Chris Inglis, the US’s National Cyber Director, is set to retire in under a week on February 15. Kemba Eneas Walden, who joined the Office of the National Cyber Director last spring, will serve as acting director until Inglis’s successor is chosen. Inglis’ departure comes just as his team is set to release a much-anticipated national cybersecurity strategy that will outline a tougher federal approach to digital defense. Lawmakers urged Inglis to stay on until the strategy is released, and while it’s expected to come out soon, a release date has not yet been announced. Inglis told CNN he is confident that Office of the National Cyber Director “is viable and valuable – in its capabilities, its people, and its influence on issues that matter: protecting our Nation’s critical infrastructure, strengthening and safeguarding our technology supply chain, expanding pathways to good-paying cyber jobs, and so many more.”
Nonprofits call on consumer rights watchdog to crack down on data brokers.
Wired offers a look at the world of data brokerage, and what lawmakers can do to reign in an unwieldy ecosystem that thrives on the buying and selling of personal digital information. Existing laws technically shield users from having their data nonconsensually passed back and forth for profit, but the illicit dealings of data brokers and the rapidly growing market have made enforcement a challenge. A group of legal nonprofits including Demand Progress, the National Consumer Law Center, and Just Futures Law submitted a letter yesterday to Rohit Chipra, head of the Consumer Financial Protection Bureau, urging his office to better enforce violations of the Fair Credit Report Act (FCRA).
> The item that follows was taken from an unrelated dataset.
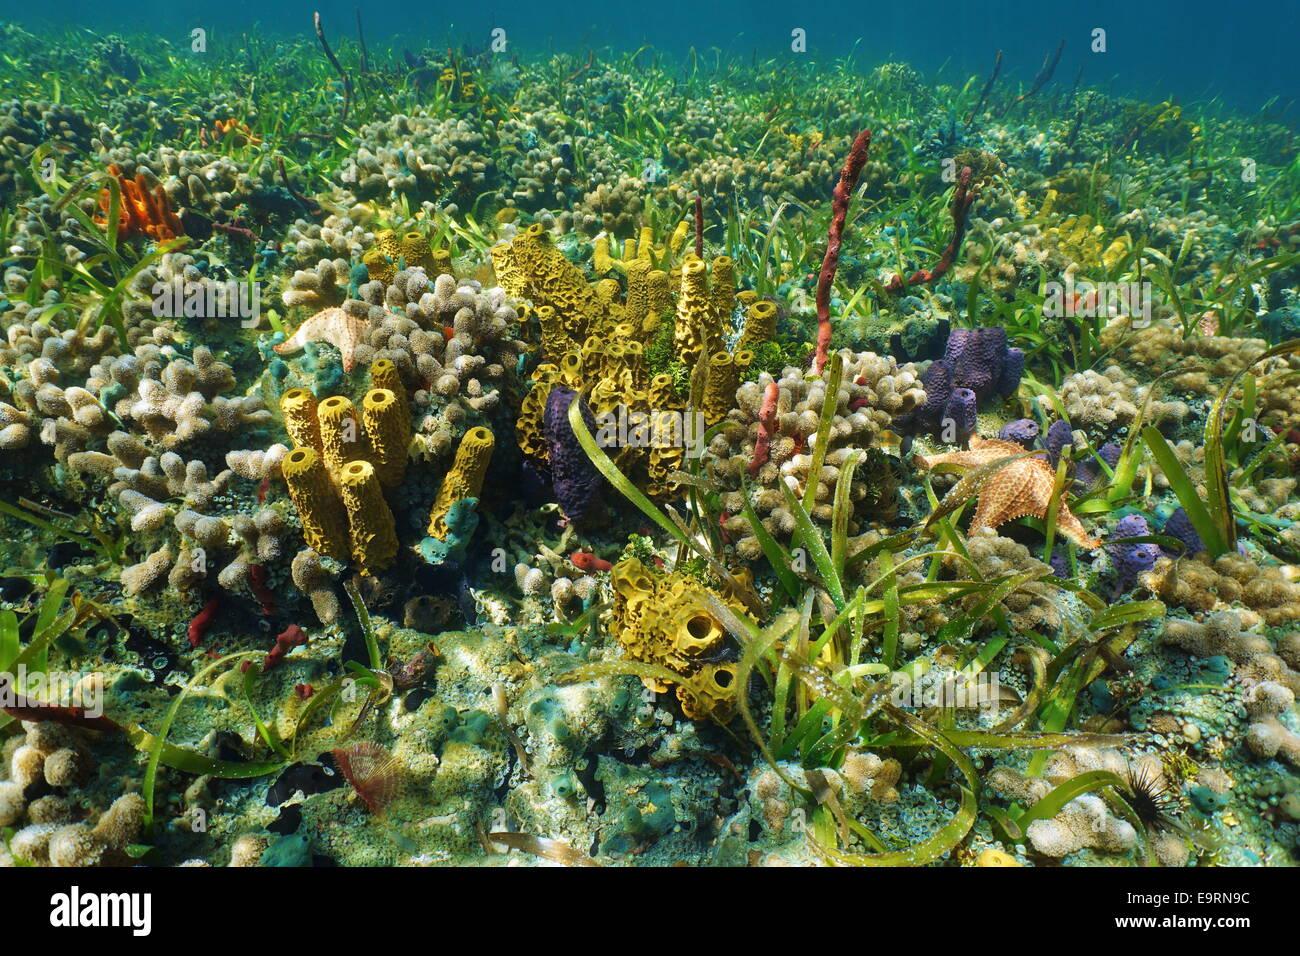 Coloridas criaturas submarinas en el lecho marino con esponjas, corales y estrellas de mar, mar Caribe Imagen De Stock

Lauren Harriman, and counsel for Just Futures Law, explains, “Data brokers’ practices are especially egregious because they circumvent the Fair Credit Report Act and value data without valuing the accuracy of that data. [Data brokers] pay handsome sums to your utility company for your name and address, turn around and package your name and address with other data, fail to conduct any type of accuracy analysis on the newly formed data set, and subsequently sell the new data set at a steep profit.” Harriman says such inaccuracies have led to individuals being deprived of civil rights, “denied jobs, government benefits, or even housing.” The letter notes the case of analytical advertising platform Kochava, which was sued last year by the US Federal Trade Commission (FTC) for harvesting the data of millions without consent, exposing them to “threats of stigma, stalking, discrimination, job loss, and even physical violence.”
Privacy advocates have been calling for better regulation of data brokerage for years, especially when it comes to data users must submit in order to gain access to basic necessities like phones and energy, and in 2018 a group of utility companies agreed to stop selling such information to Thomas Reuters. Many federal agencies have been known to purchase location data from brokers as a way of bypassing legal restrictions on demanding such information directly from businesses.